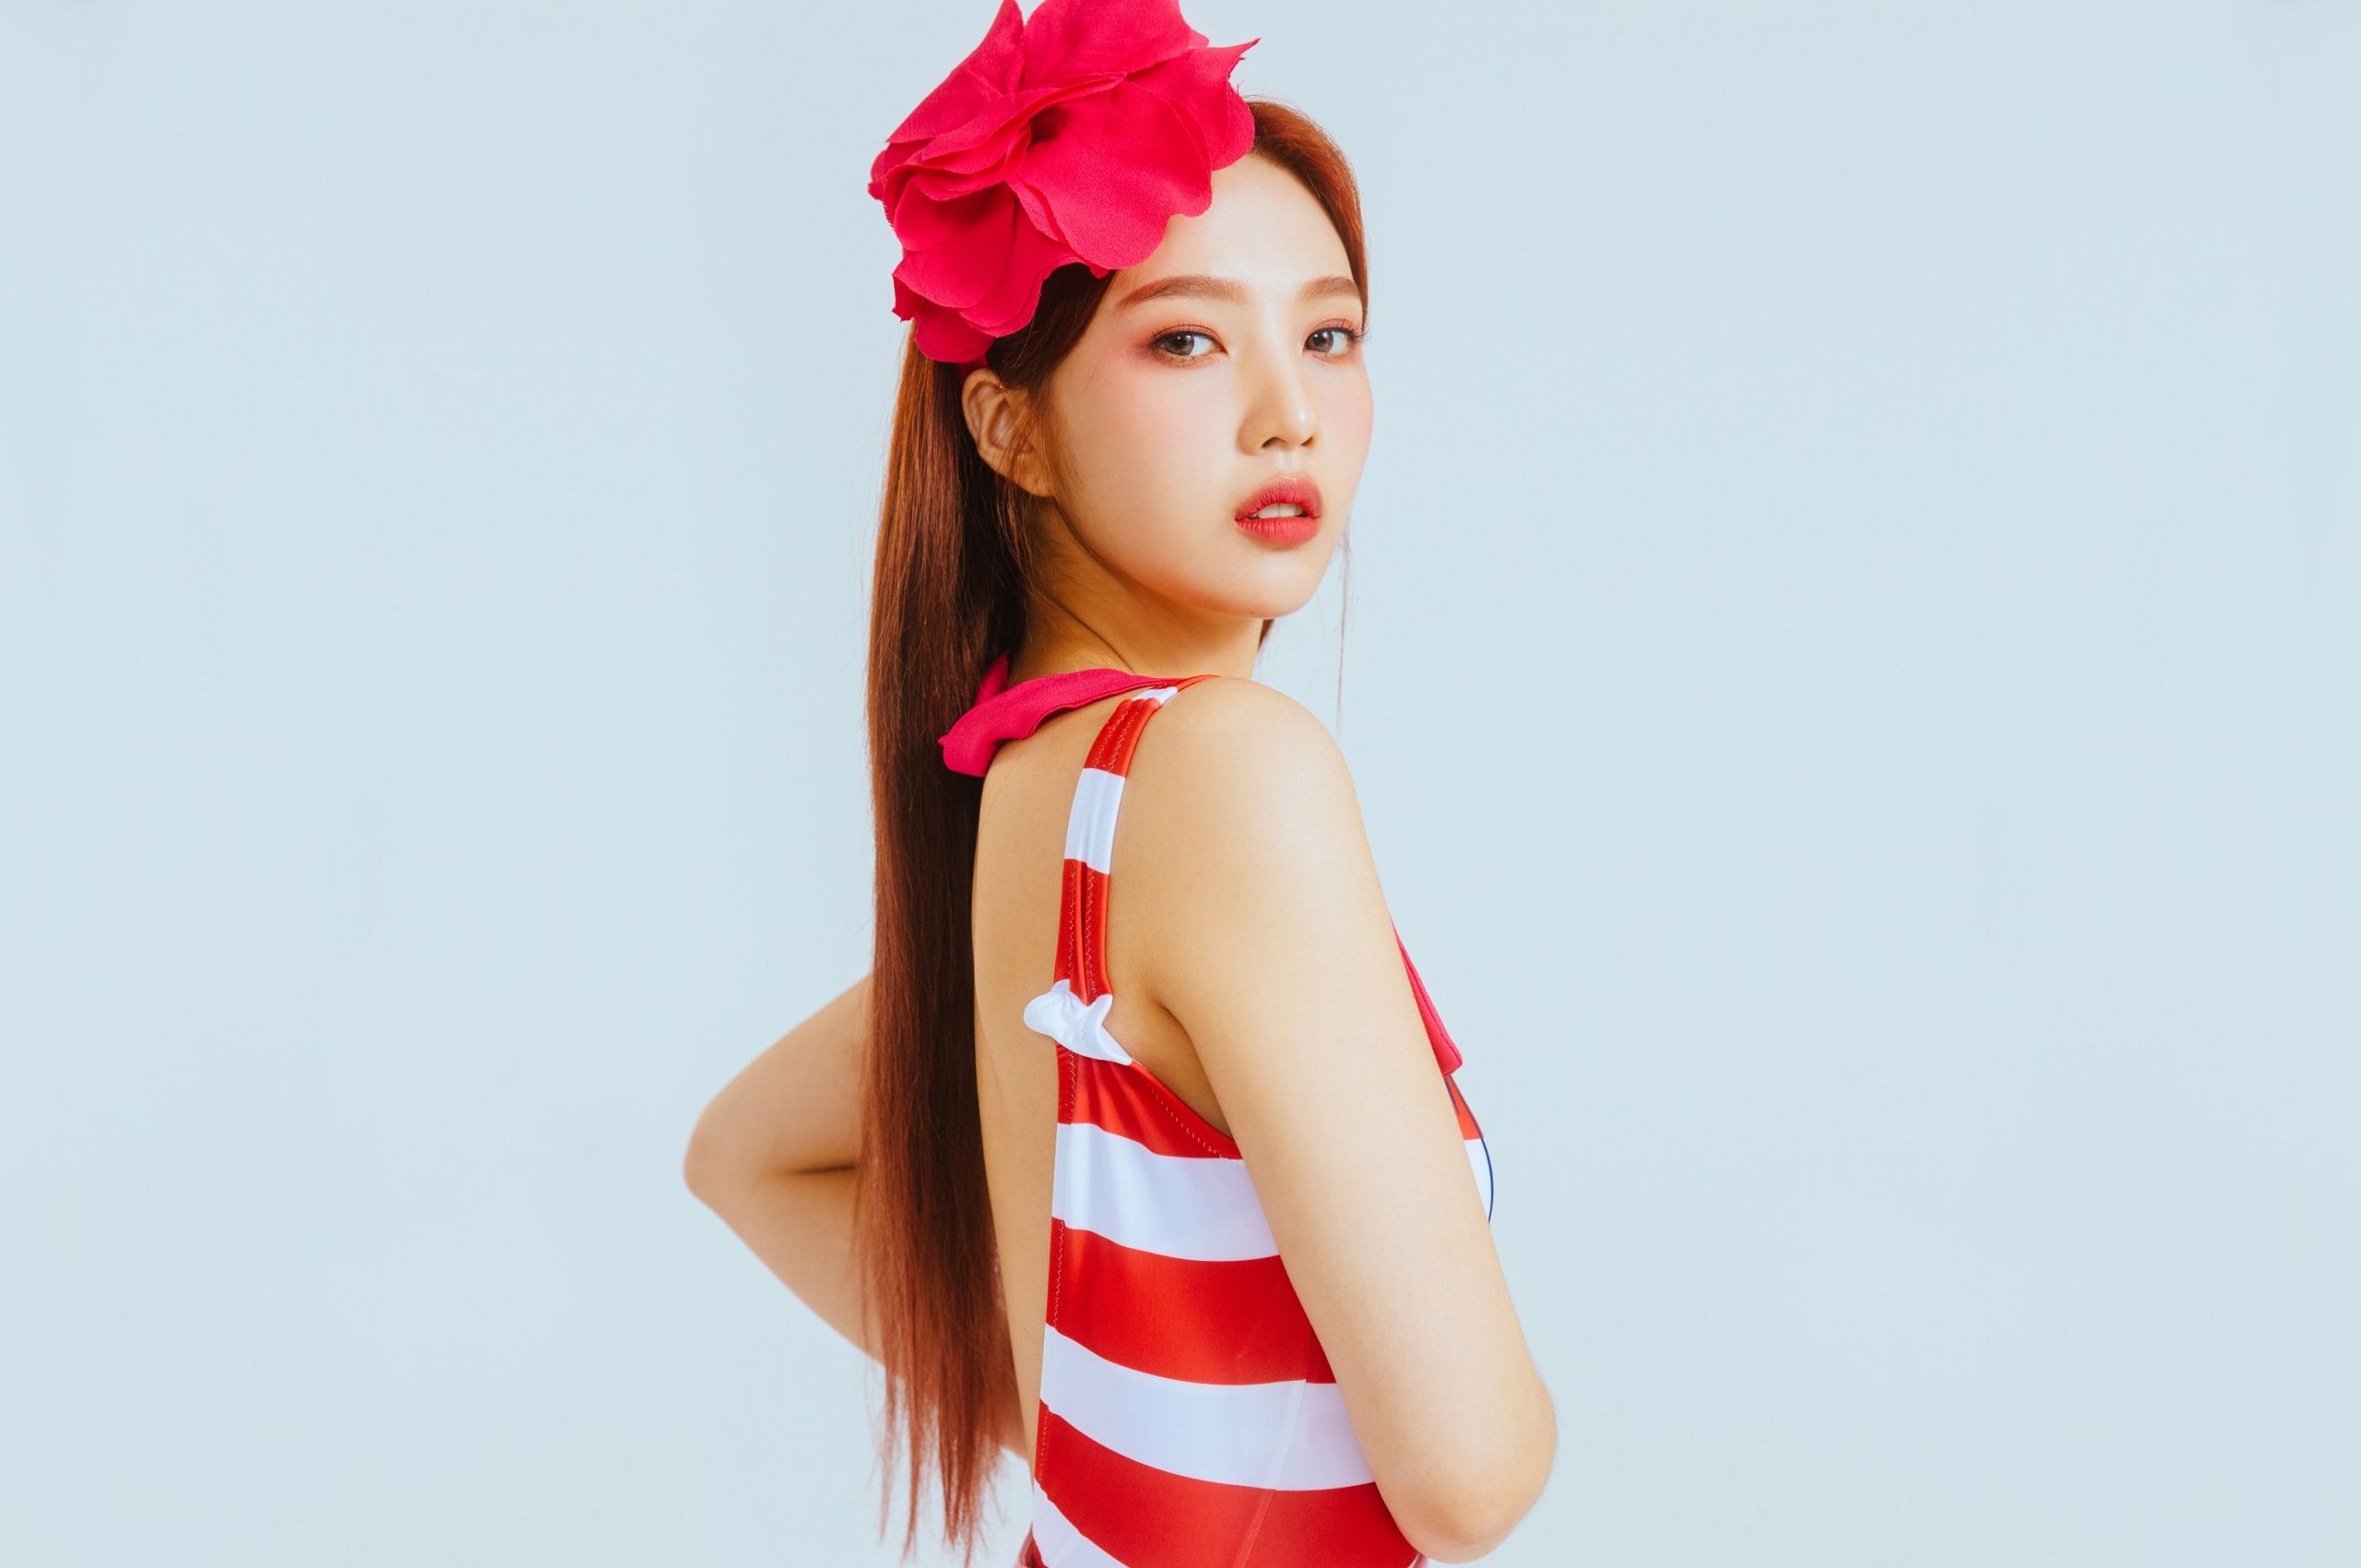 Free download Red Velvet Power Up Summer Magic 4K 8K HD Wallpaper [3840x2160] for your Desktop, Mobile & Tablet. Explore Red Velvet Joy Wallpaper. Red Velvet Joy Wallpaper, Joy
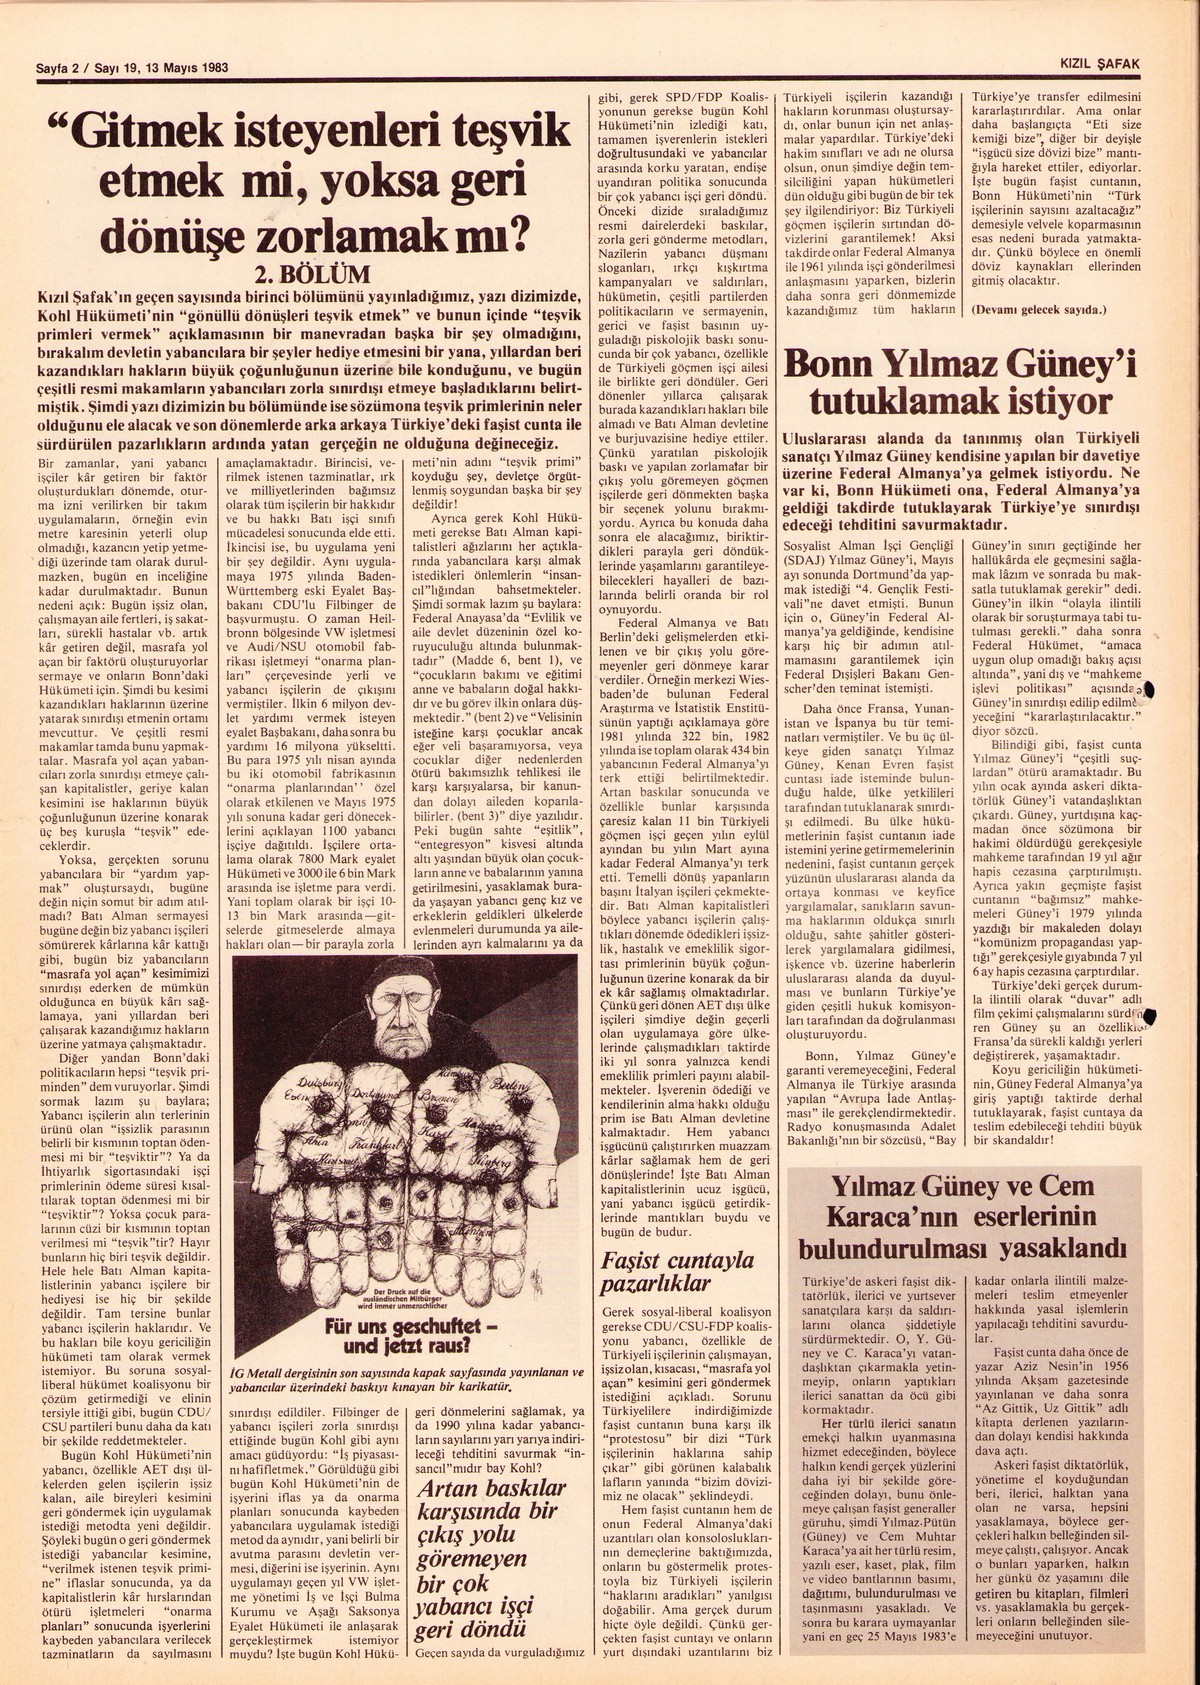 Roter Morgen, 17. Jg., 13. Mai 1983, Nr. 19, Seite 15
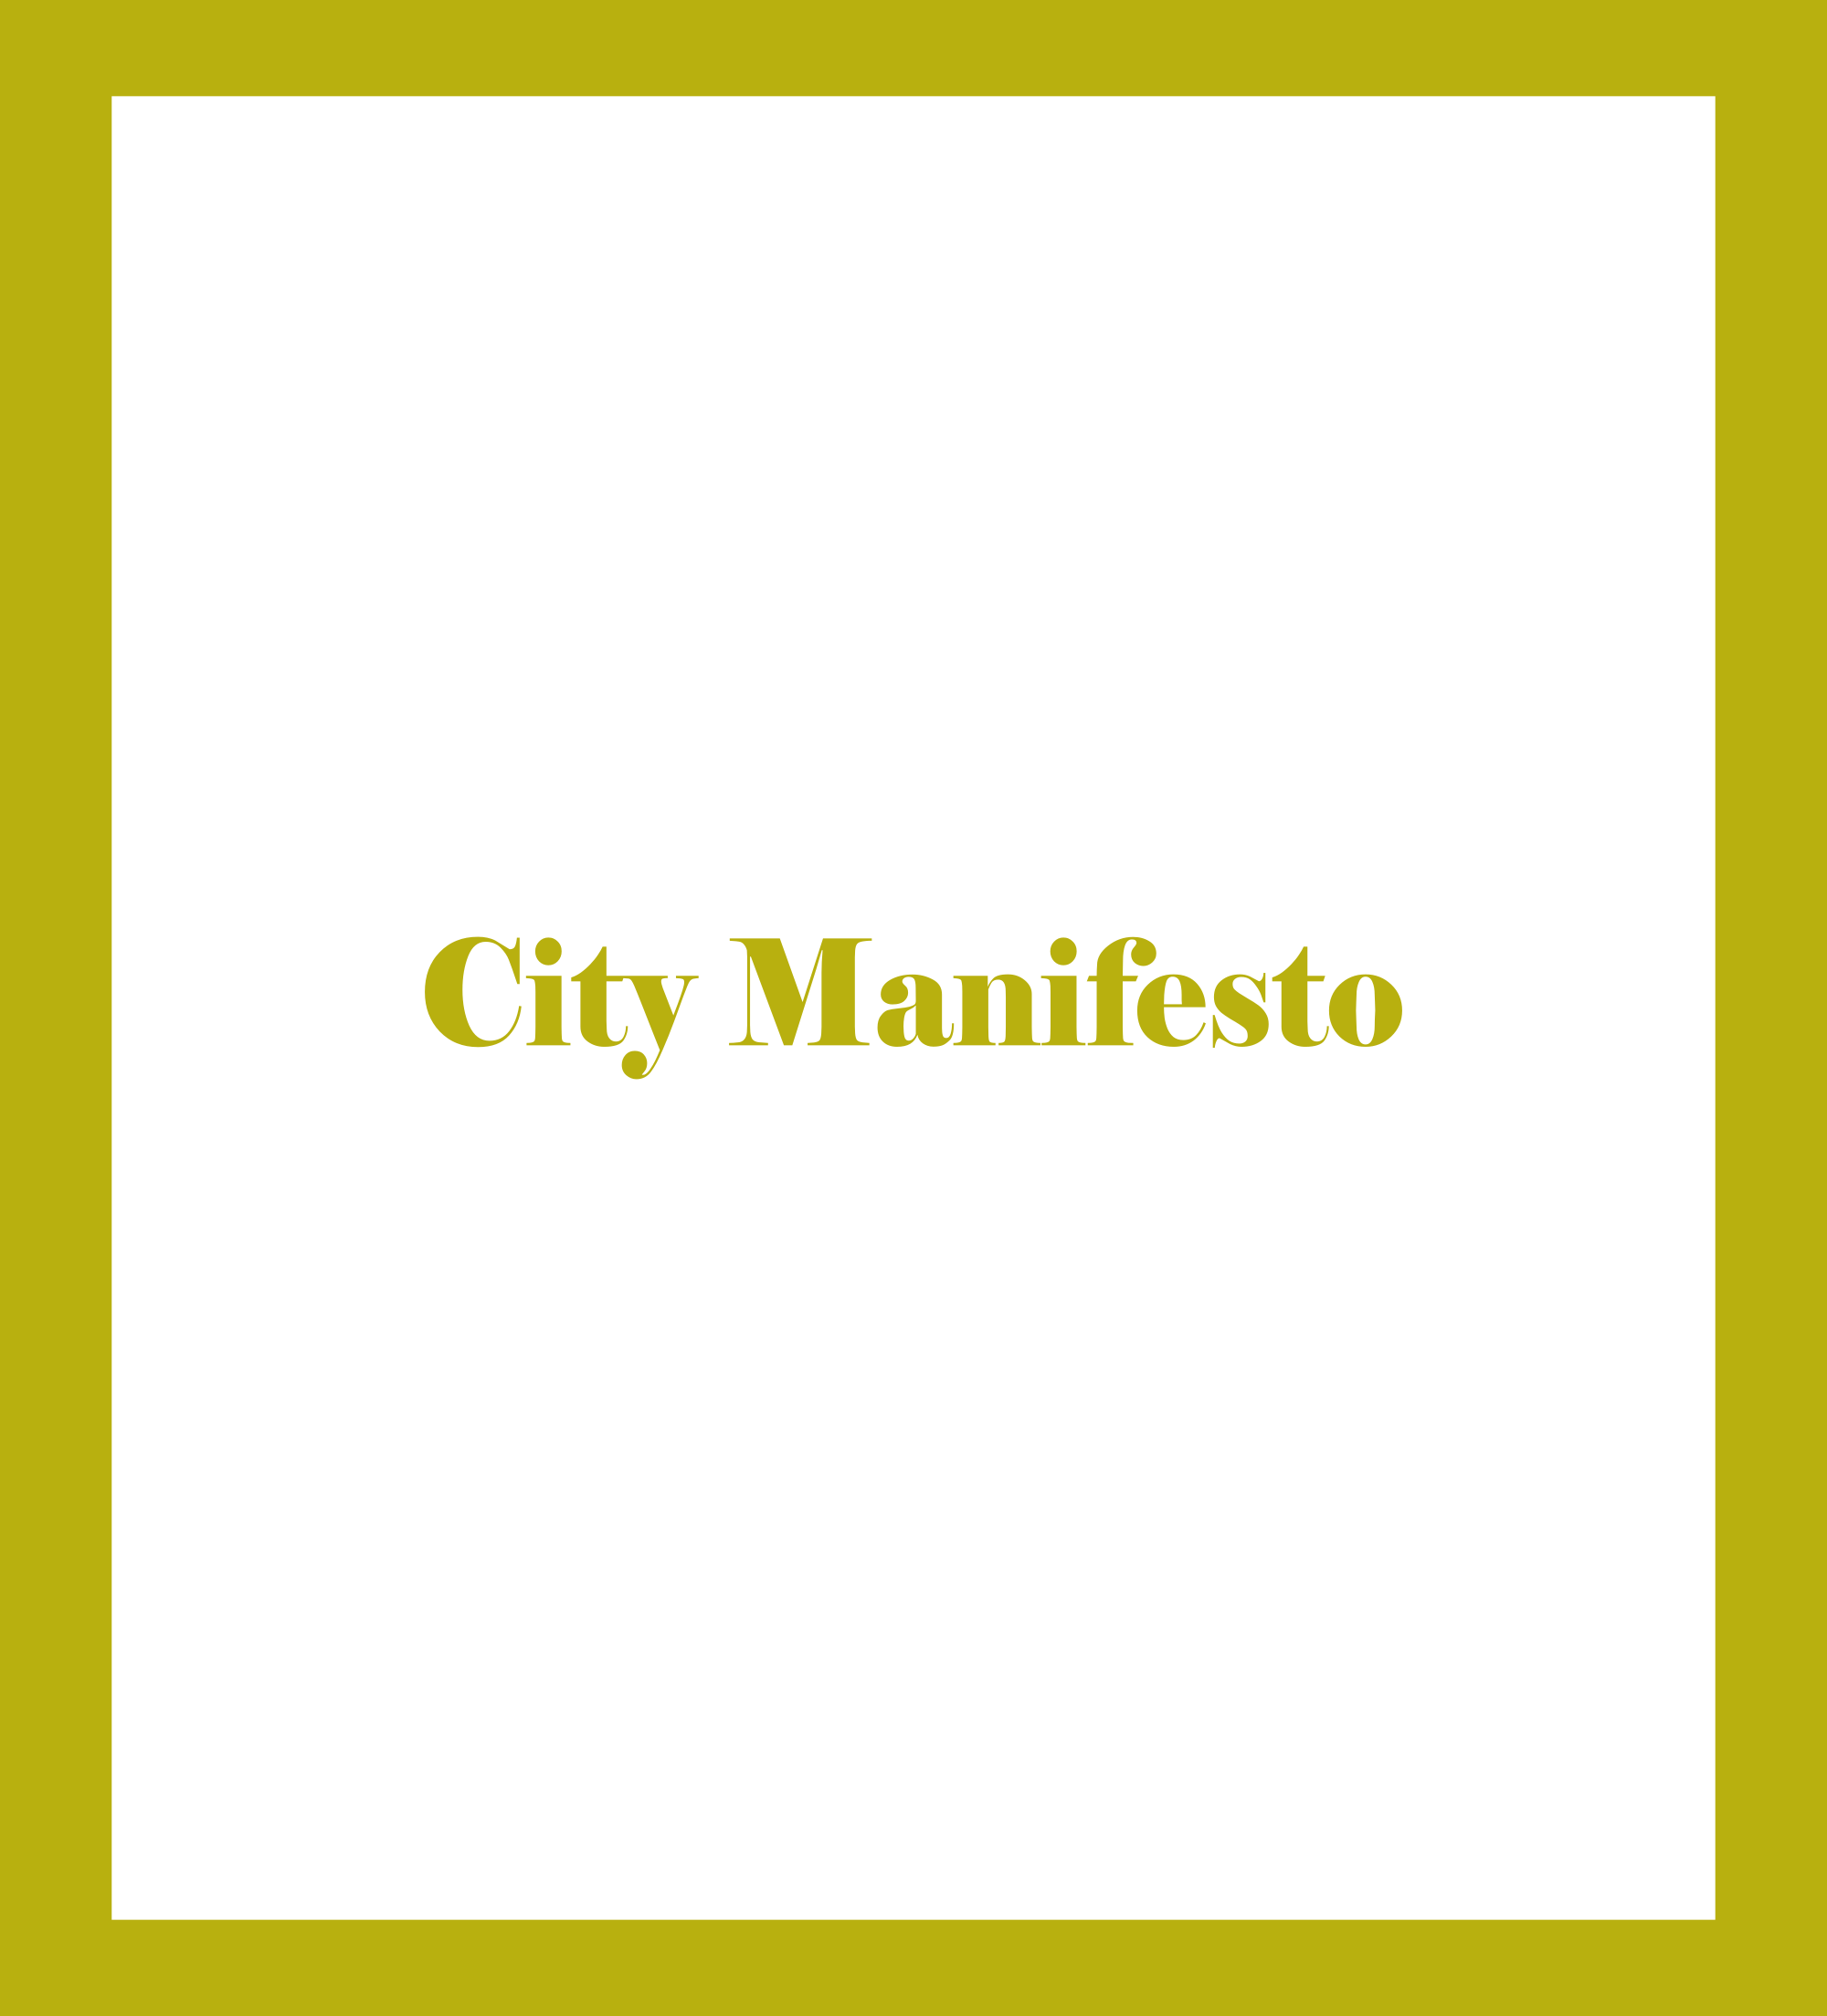 City Manifesto

## TASK INSTRUCTIONS
Copy each line of the material above exactly, but not the images.

## ANSWER AREA
 Free download Red Velvet Power Up Summer Magic 4K 8K HD Wallpaper [3840x2160] for your Desktop, Mobile & Tablet. Explore Red Velvet Joy Wallpaper. Red Velvet Joy Wallpaper, Joy
 Roter Morgen, 17. Jg., 13. Mai 1983, Nr. 19, Seite 15
 City Manifesto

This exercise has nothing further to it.